Начальник СИЗО сначала повел гостя в старый корпус, показал камеры, доставшиеся ему от прошлого века. Здесь тоже сделали ремонт, в камерах оборудовали новенькие туалеты, умывальники. Но особой гордостью Сачко был новый корпус. В нем вообще все выглядело как в гостинице – скромной, но все же гостинице.
Посетителей встречали выстроившиеся вдоль стен обитатели камер. Каждый раз Сачко спрашивал, нет ли у них жалоб на условия содержания, и каждый раз следовал отрицательный ответ. Что касается наполняемости тюрьмы, то действительно бросалось в глаза обилие свободных мест. Гуров прикинул, и у него получилось, что в СИЗО не хватает примерно 50–60 заключенных. Правда, Сачко заметил, что сейчас, в середине дня, некоторые обитатели тюрьмы находятся на допросах у следователей, а некоторые в судах. Но все равно получалось, что много мест пустует.
Под конец они вернулись в центральный корпус, туда, где находился кабинет самого Сачко.
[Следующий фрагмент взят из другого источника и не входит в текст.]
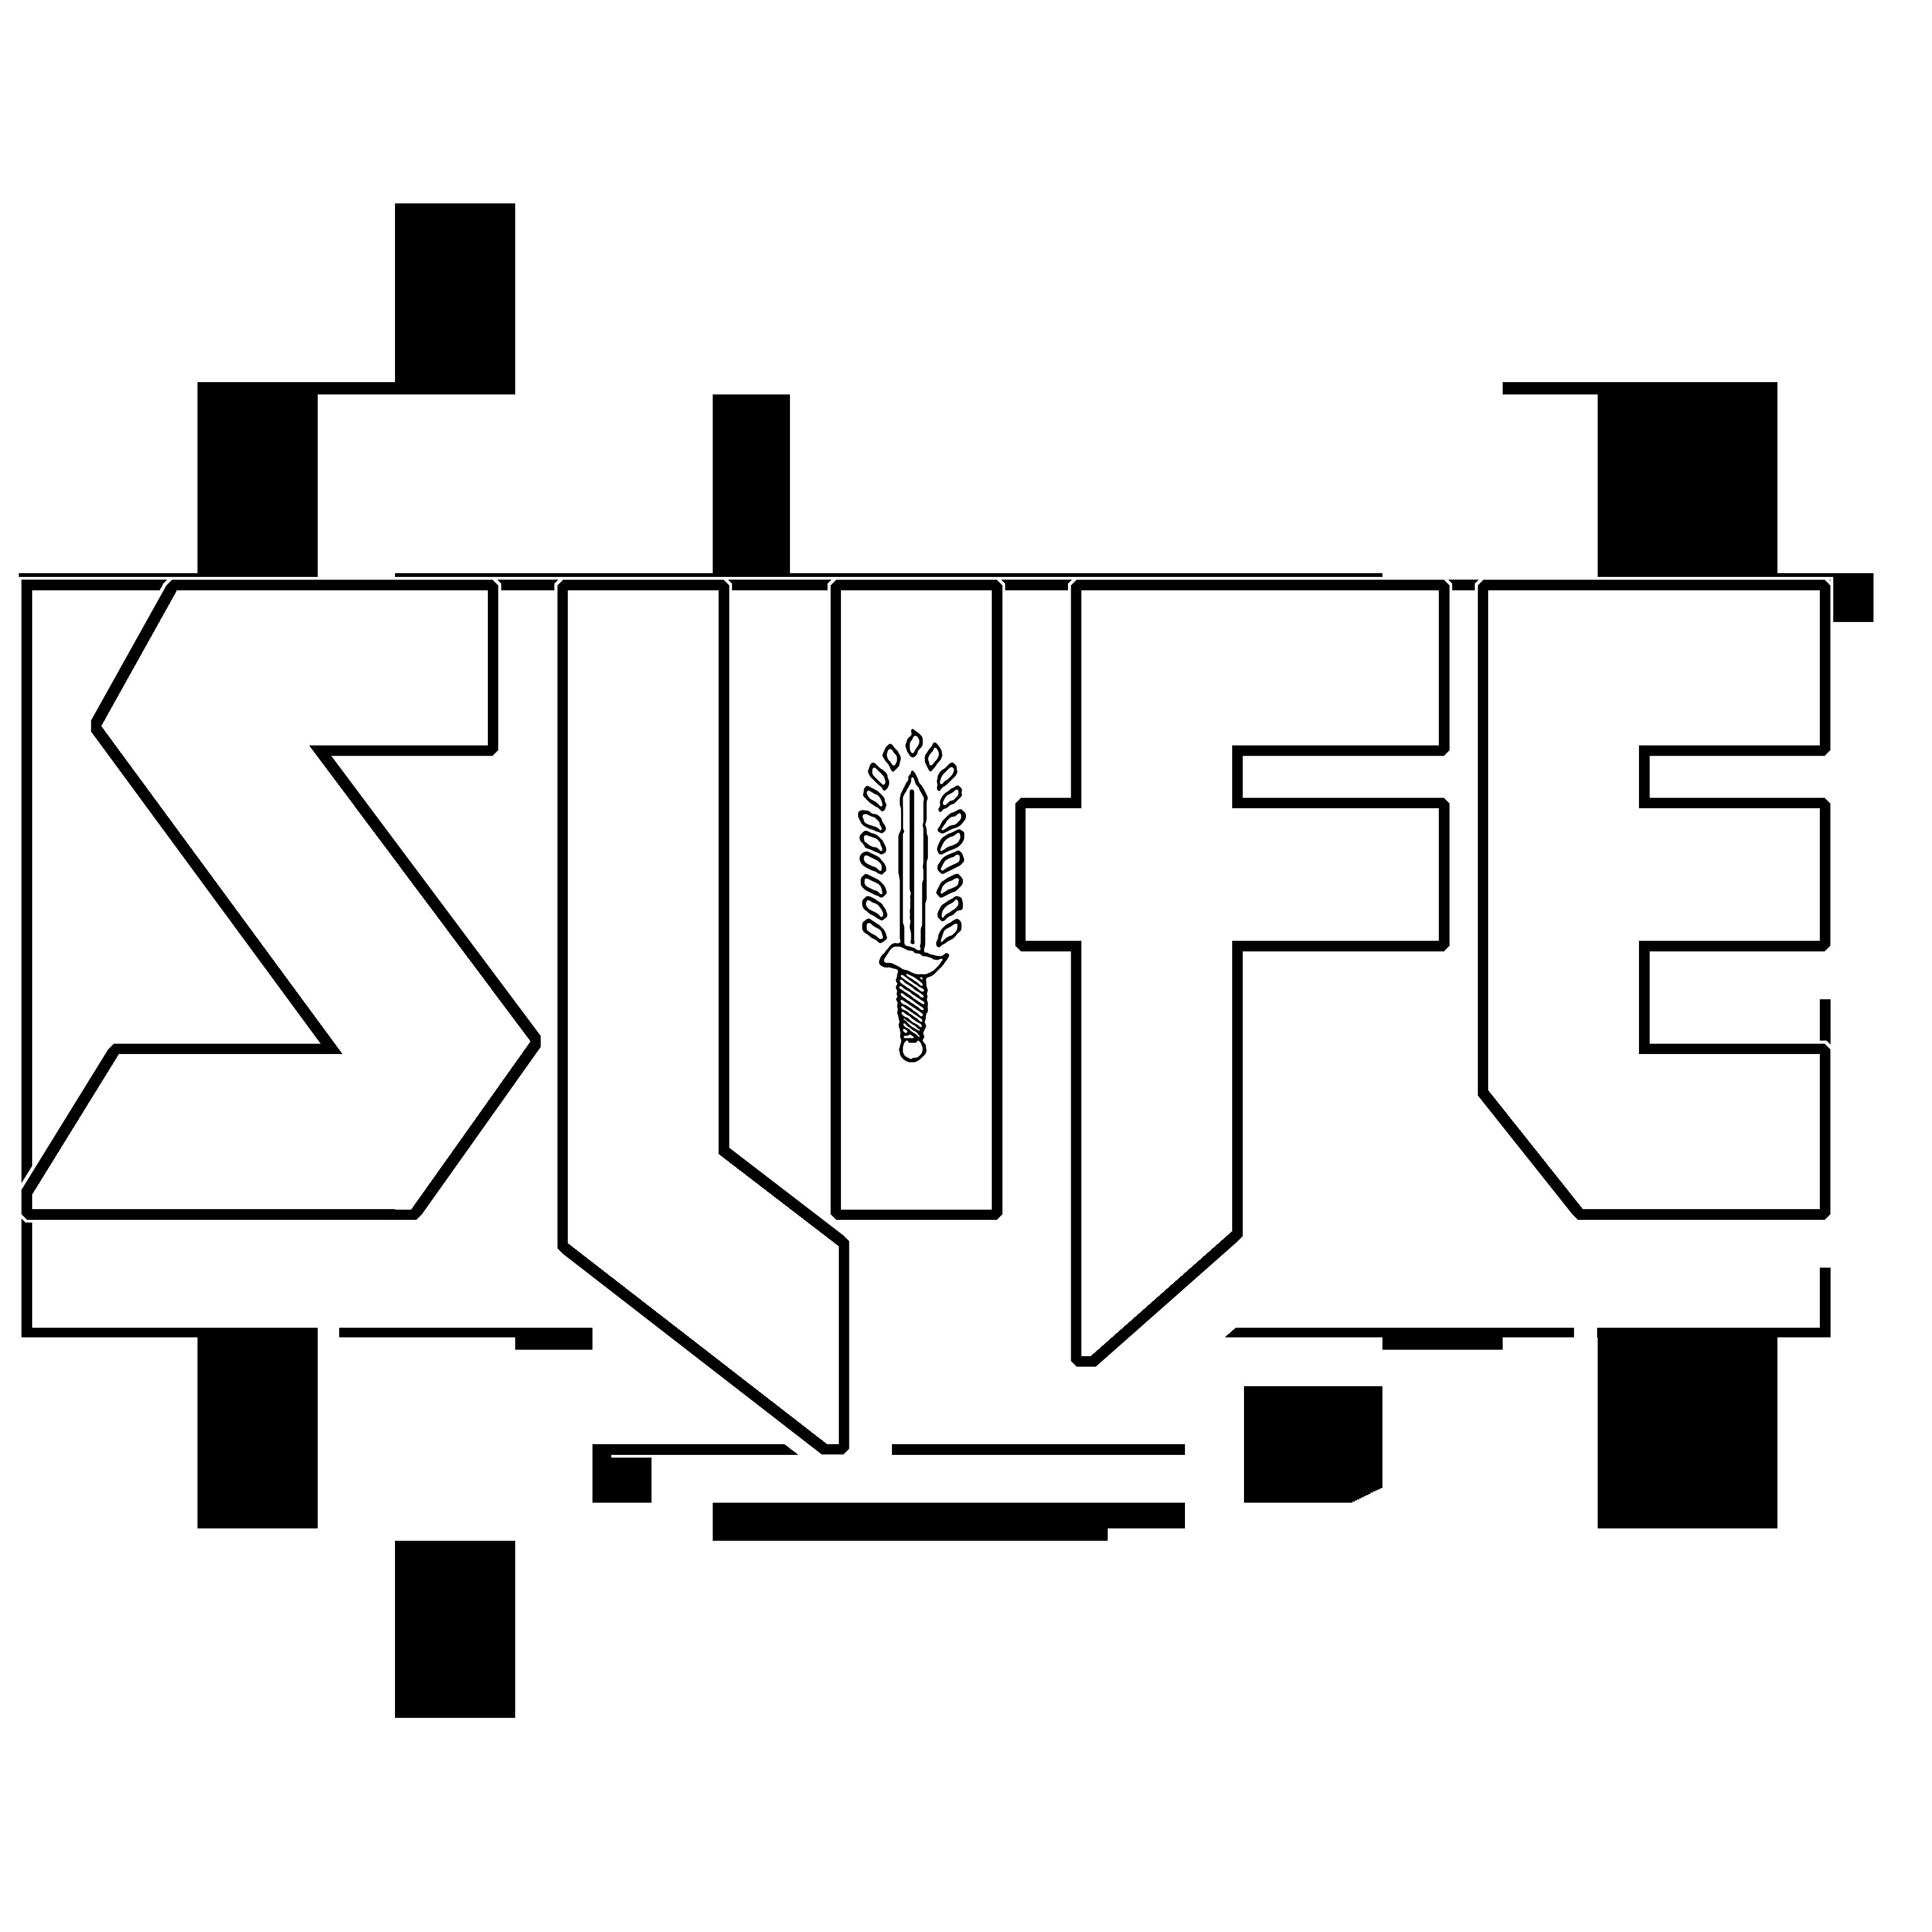 slife-whitefont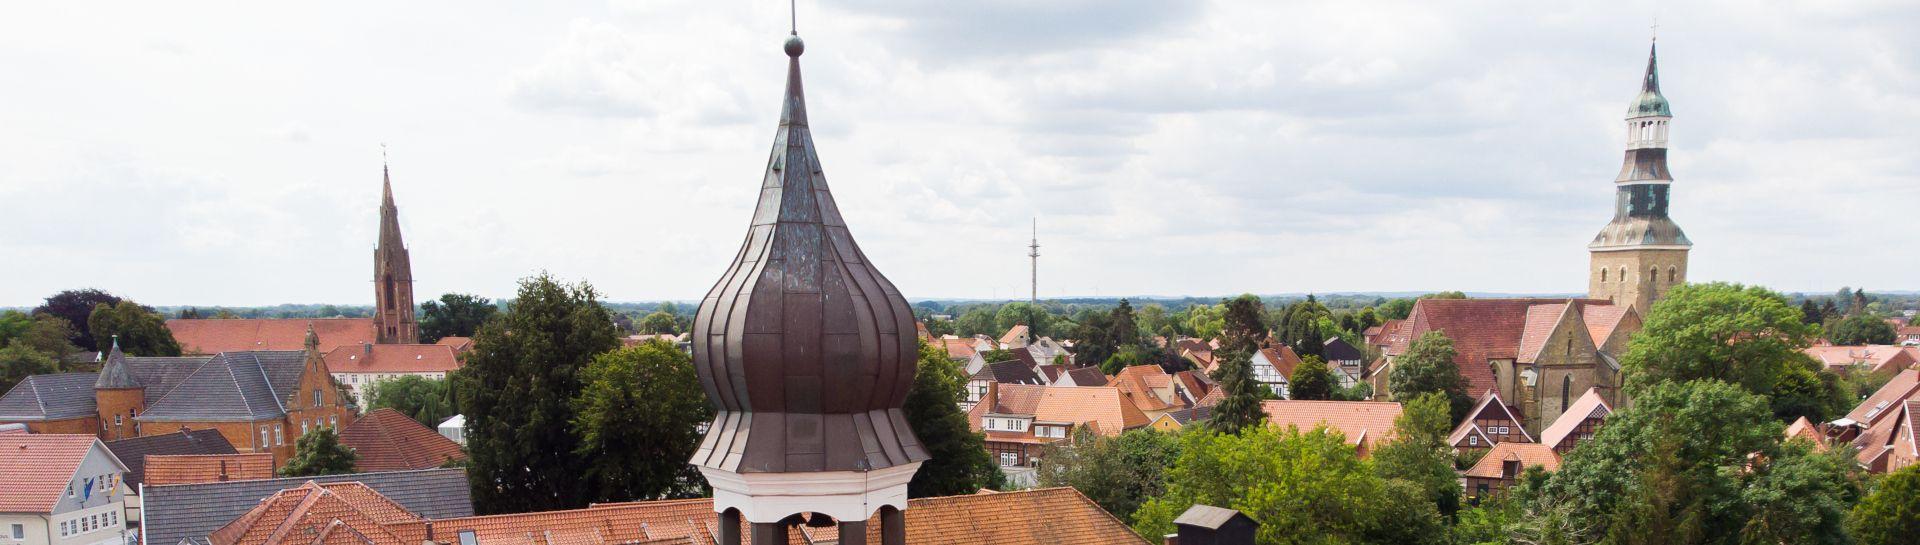 Blick auf die Quakenbruecker Skyline mit den beiden Kirchen in der Altstadt und der Hohen Pforte im Vordergrund

Здесь пустовало особенно много мест. Миновав две камеры, в которых вообще никого не было, зашли в третью, в которой находились двое заключенных. Один, молодой парень, обвинялся по статье 228 – в хранении наркотиков. Другой, мужчина лет сорока, был обвинен в коммерческом подкупе и неуплате налогов.
У Гурова за время пребывания в камере сложилось впечатление, что этот сорокалетний что-то хочет ему сказать. Хочет, но не решается. Поэтому сыщик не спешил уходить. Все стоял, задавал всякие посторонние вопросы. И, наконец, спросил:
– Так что, никто не хочет мне ничего сказать? Вот так, напрямую?
Тут обвиняемый в неуплате налогов шагнул вперед и произнес:
– Почему же никто не хочет? Может быть, кто-то и хочет!
Вдруг он поднял взгляд и посмотрел через плечо Гурова. Там стоял начальник СИЗО. И, как видно, тот подал какой-то знак, или заключенного внушил вид тюремного начальника, но он внезапно запнулся и промямлил:
– Хотя нет, это я так… Ничего я не хочу сказать… Всем довольны, всего хватает… Условия содержания хорошие…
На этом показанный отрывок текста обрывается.